Modelling the complexity of catalytic reactions
The complex interactions between the various components of a reaction system at a microscopic level ultimately govern the equipment requirements and operating envelope at the macroscopic level.
For example, the outcome of a plant-wide optimisation of a chemical plant can depend strongly on the rate of diffusion of reactants through microscopic pores in the catalyst particles.
In order to capture the effects of these interactions, it is sometimes necessary to model systems in great detail.
At their most comprehensive, PSE's catalytic reaction models include reactions:
- in the bulk fluid
- in the film
- on the catalyst surface
- within the catalyst pores
- on the catalyst surface within the pores
The models takes into account the rate-limiting diffusion of reactants and products to and from catalyst sites.
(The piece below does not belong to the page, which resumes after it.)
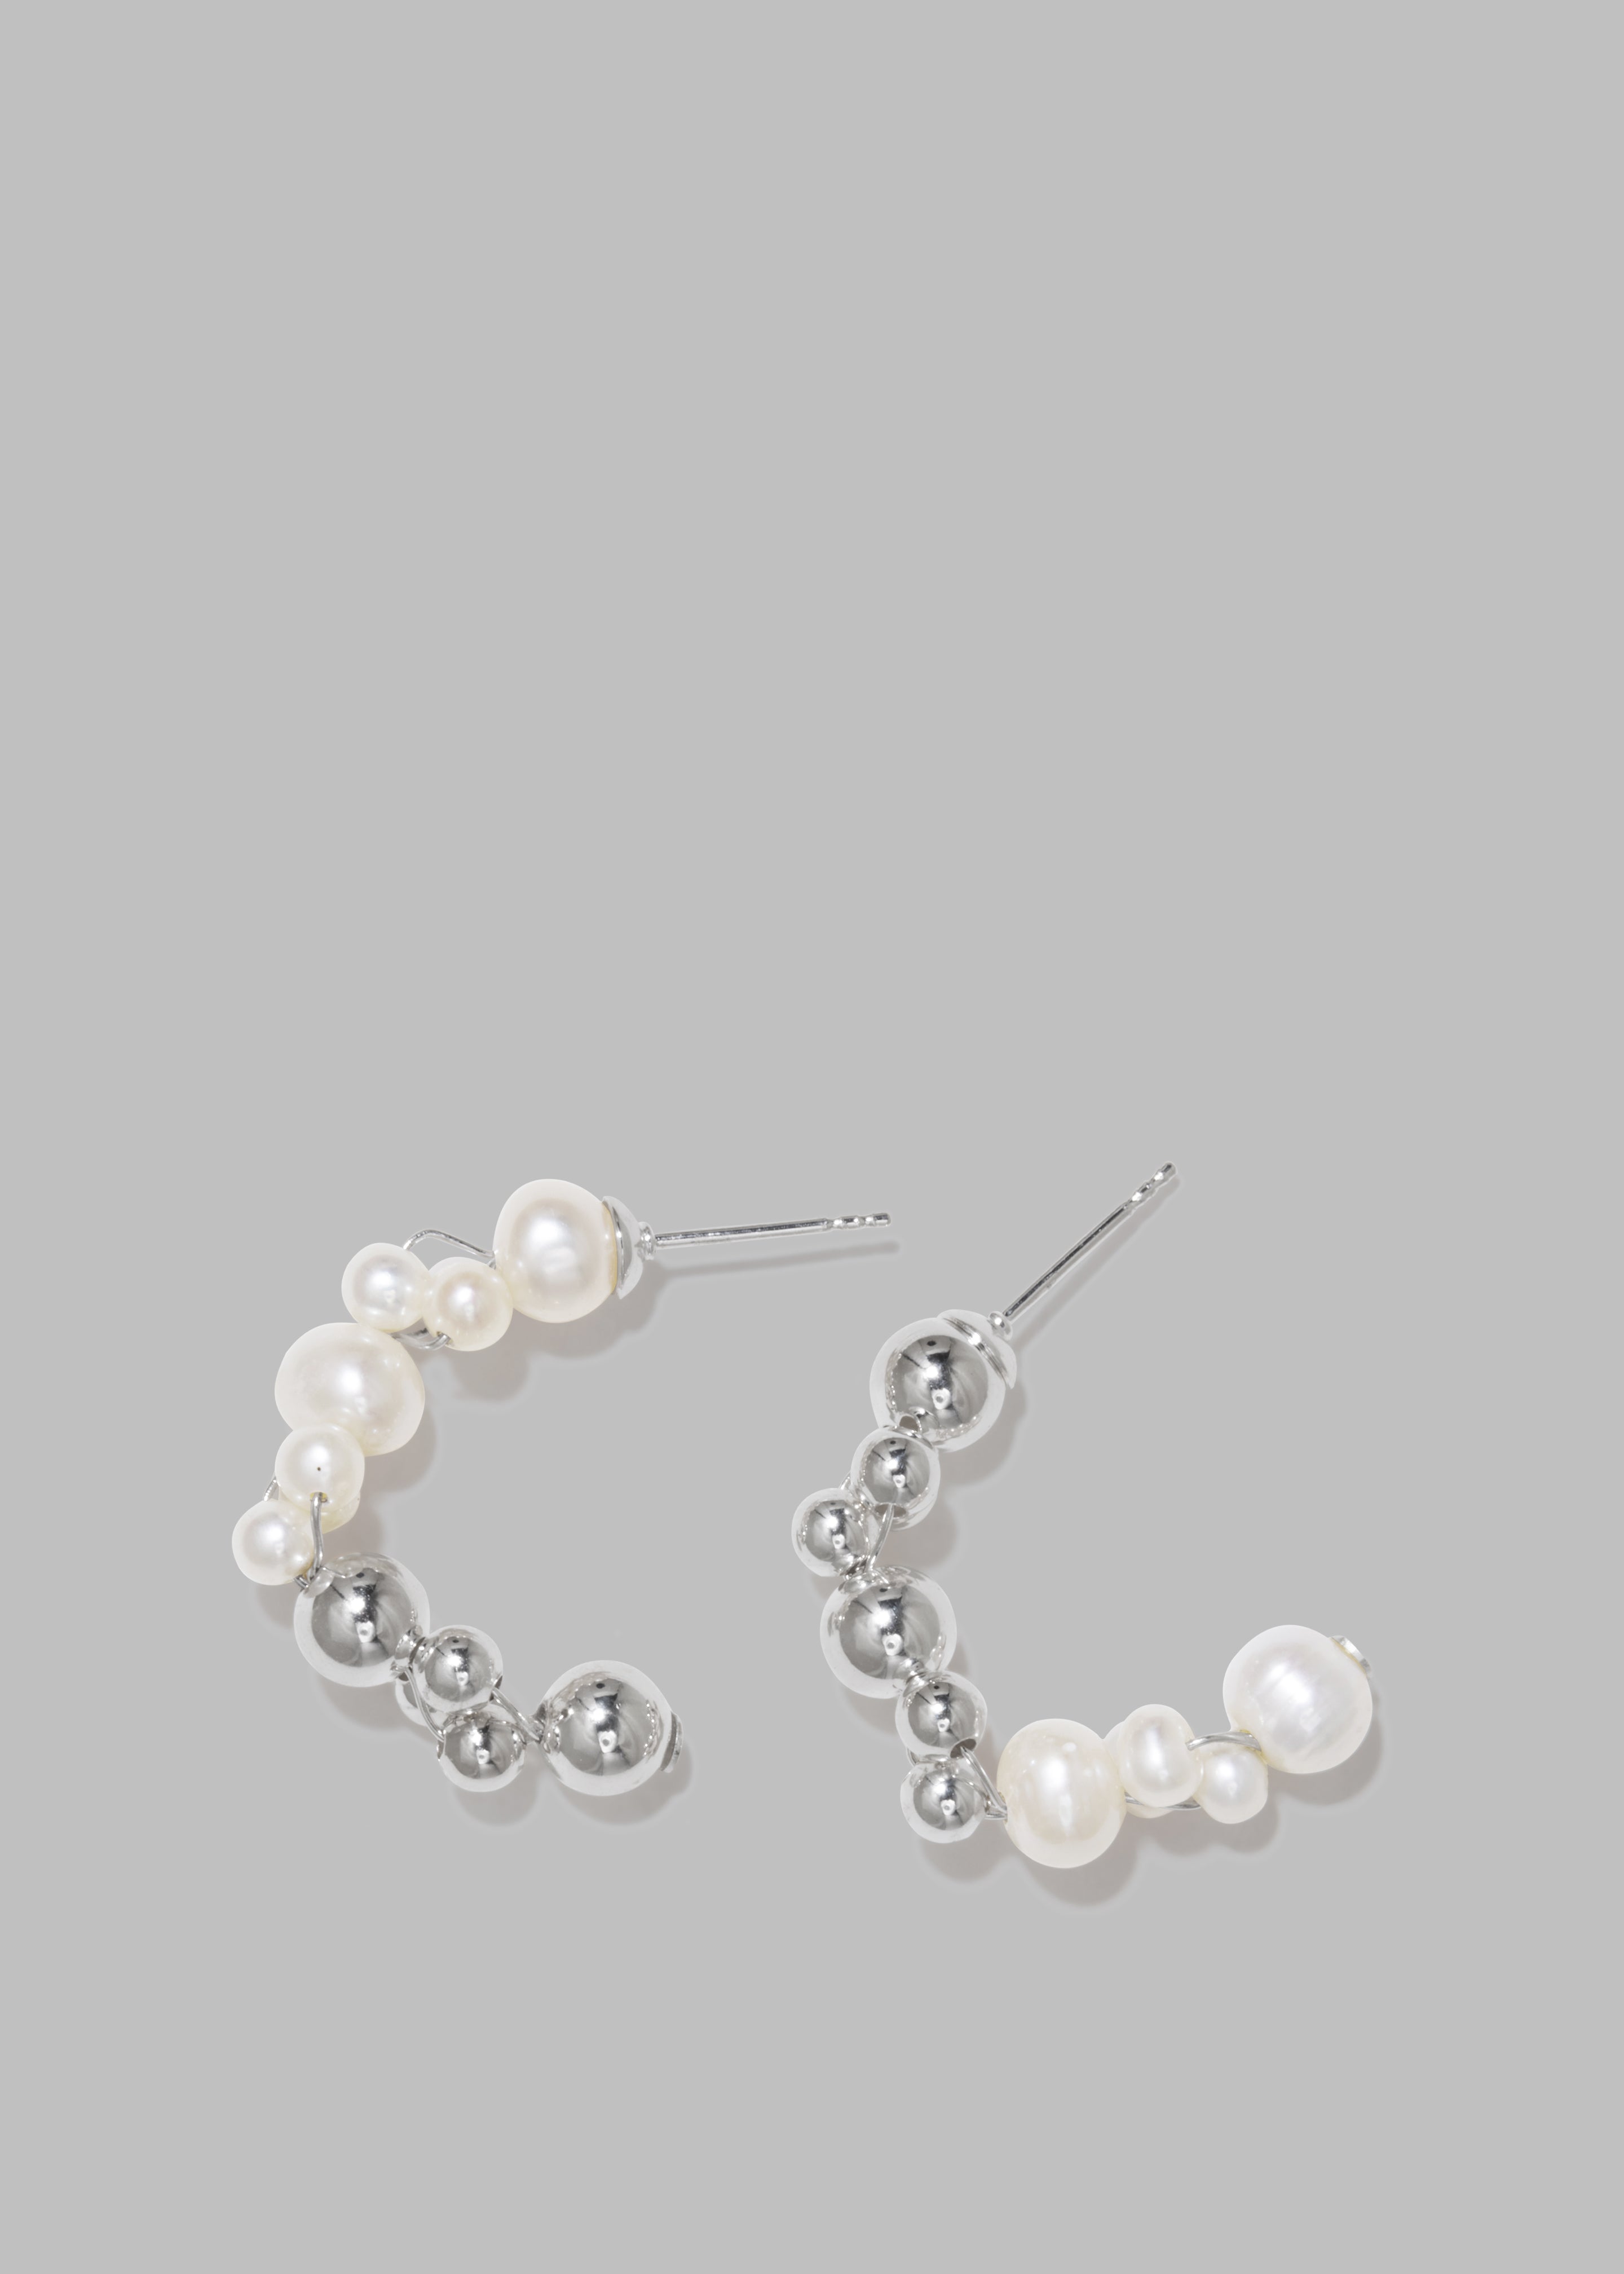 Completedworks Every Cloud Has A Silver Lining Earrings - Pearl/Sterling Silver - 3

Generally, the approach taken in PSE's reactor modelling methodology is to determine a suitable level of detail given the model requirements; a detailed design model has very different performance and accuracy requirements from an operator training model.
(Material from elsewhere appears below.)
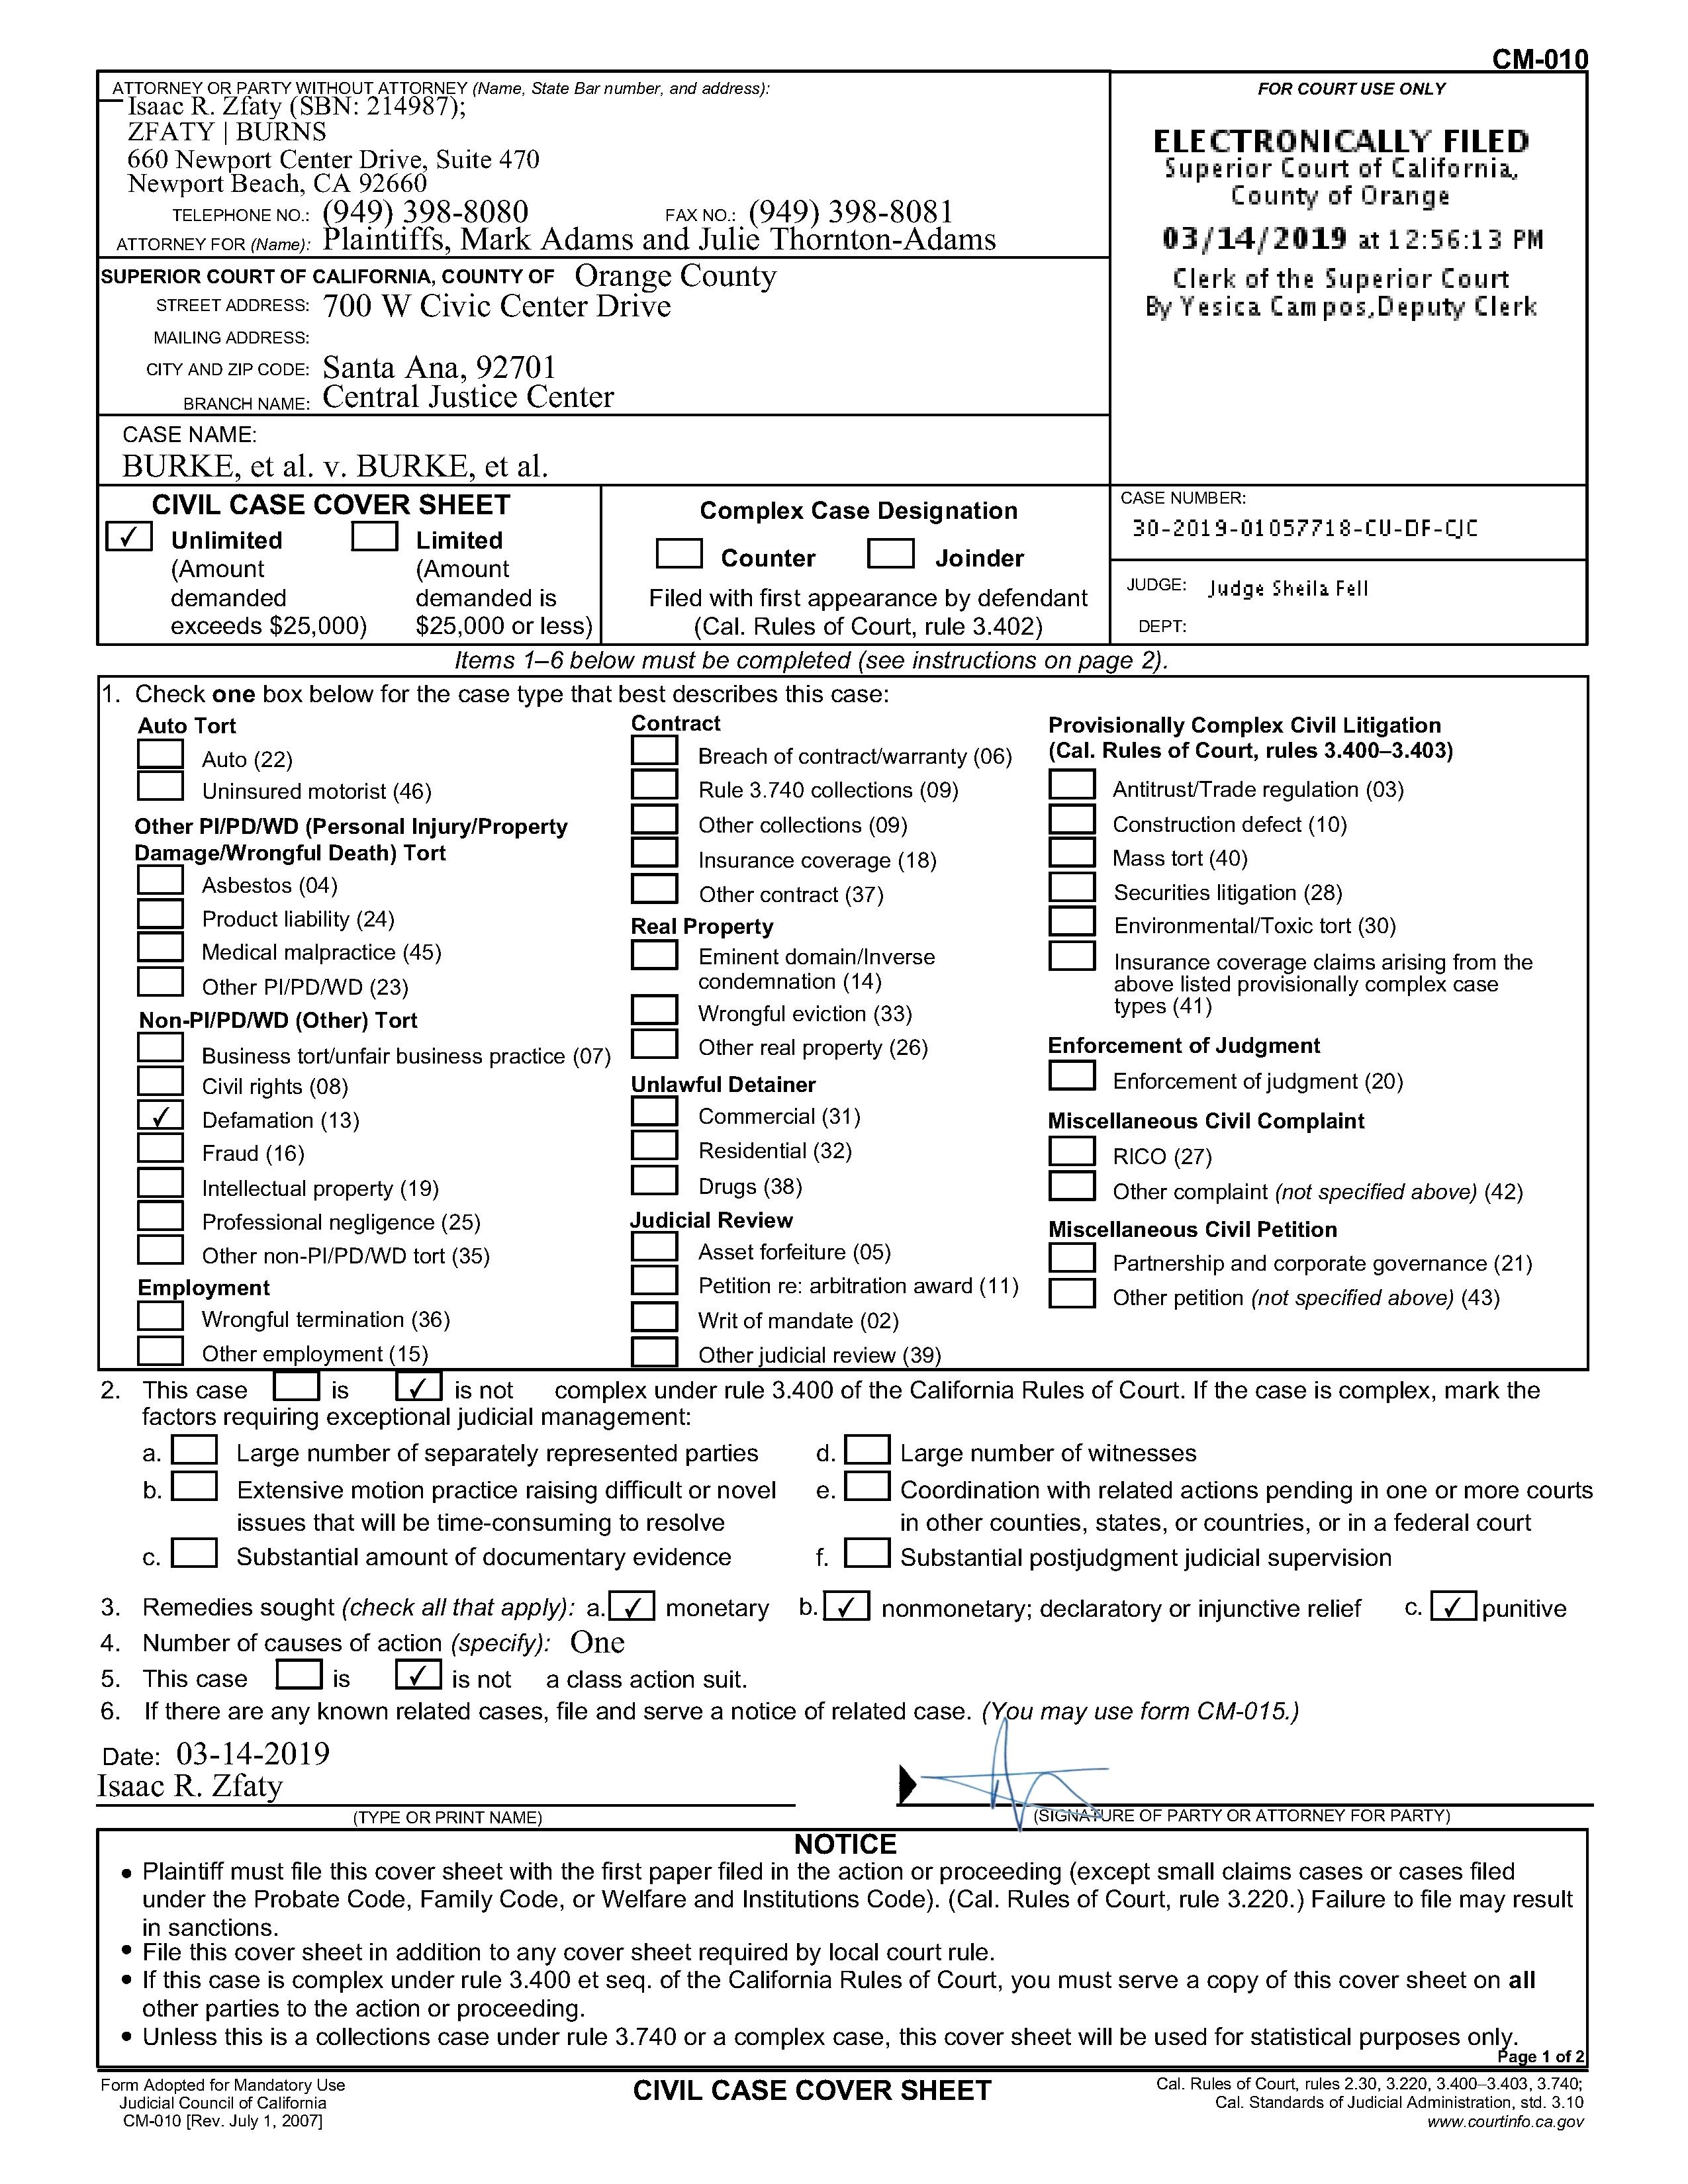 Civil Cover Sheet, page 1

Modelling the complexities of reactors
Once the reaction set has been defined and validated, it is included in a reactor model.
gPROMS' advanced modelling capabilities make it possible to cover a variety of equipment geometries and configurations. If necessary, gPROMS models can be linked to CFD models to provide additional accuracy for irregular geometries.
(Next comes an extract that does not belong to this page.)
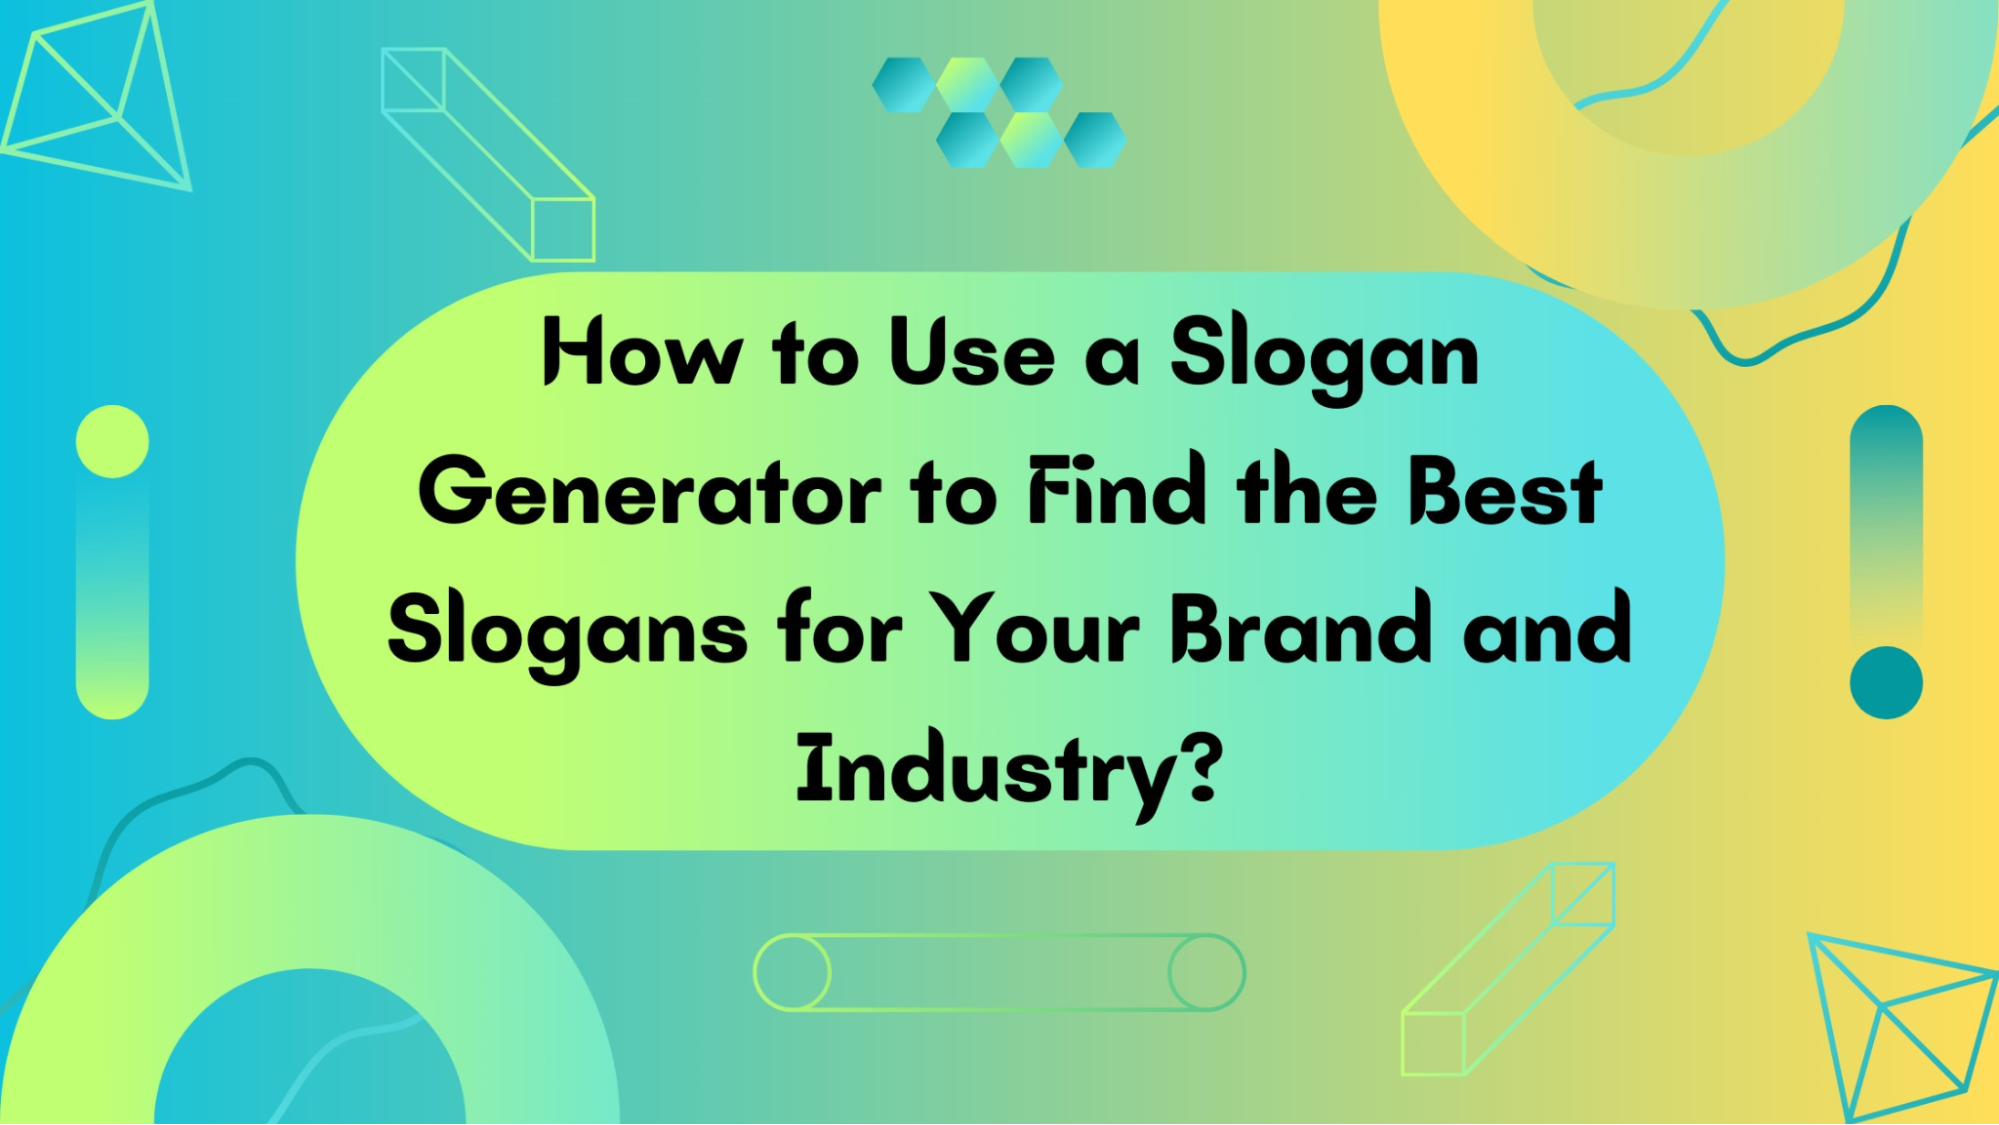 How to Use a Slogan Generator to Find the Best Slogans for Your Brand and Industry?

The gPROMS AML:FBCR provides detailed fixed-bed models such as the tube shown on the right. PSE can supply many reactor configurations, such as fluidised bed models, catalyst monolith, falling film reactors and more.
gPROMS modelling environment advantages
gPROMS has many general advantages as a modelling environment, in addition to capabilities such as parameter estimation mentioned above.
Flowsheeting is a core functionality of gPROMS, as is steady-state and dynamic simulation

Distributed systems: bimodal molecular weight distribution for polymer
Powerful modelling language. gPROMS language allows the description of virtually any reaction phenomenon. You are not restricted to a set of predefined relationships.
Hierarchical modelling capabilities. In gPROMS, models can be embedded within other models ad infinitum. For example, it is possible to include a catalyst model within a tube model, which may then be included within a full reactor geometry model, which may in turn be included in a full plant model that incorporates cooling systems, separation sections and recycles, and so on.
Distributed systems modelling. gPROMS allows easy definition and solution of distributions to any practical number of dimenstions. For example, a fixed-bed catalytic reactor tube is described using three dimensions:
- axial, representing the variation of properties and conditions along the tube
- radial, representing the variation of properties and conditions from the centre of the tube to the radius
- intra-pore, representing the variation of properties and conditions along the length of catalyst pores
Distributions can also be in terms of properties – for example, polymer molecular weight or age of particles in a fluidised bed reactor – as well as spatial.
Flowsheeting capability, allowing you to simulate and optimise the entire reaction flowsheet rather than just a single unit, or include separation units and recycles.
Steady-state and dynamic modelling. gPROMS' inherent dynamic capabilities means that you can perform dynamic simulation and dynamic optimisation easily.
Powerful numerical solution capabilities. gPROMS was specifically designed to solve large numbers of equations, for steady-state or dynamic solution. Some reactor models number hundreds of thousands of equations.
Optimisation capabilities. gPROMS has industry-leading capabilities for steady-state, dynamic and mixed-integer optimisation. These can be used to provide direct answers – rather than by trial-and-error simulation – to design and operational questions such as "what is the optimal grade change policy?" or "where should I locate the feed tray to this column given the likely feed disturbances?".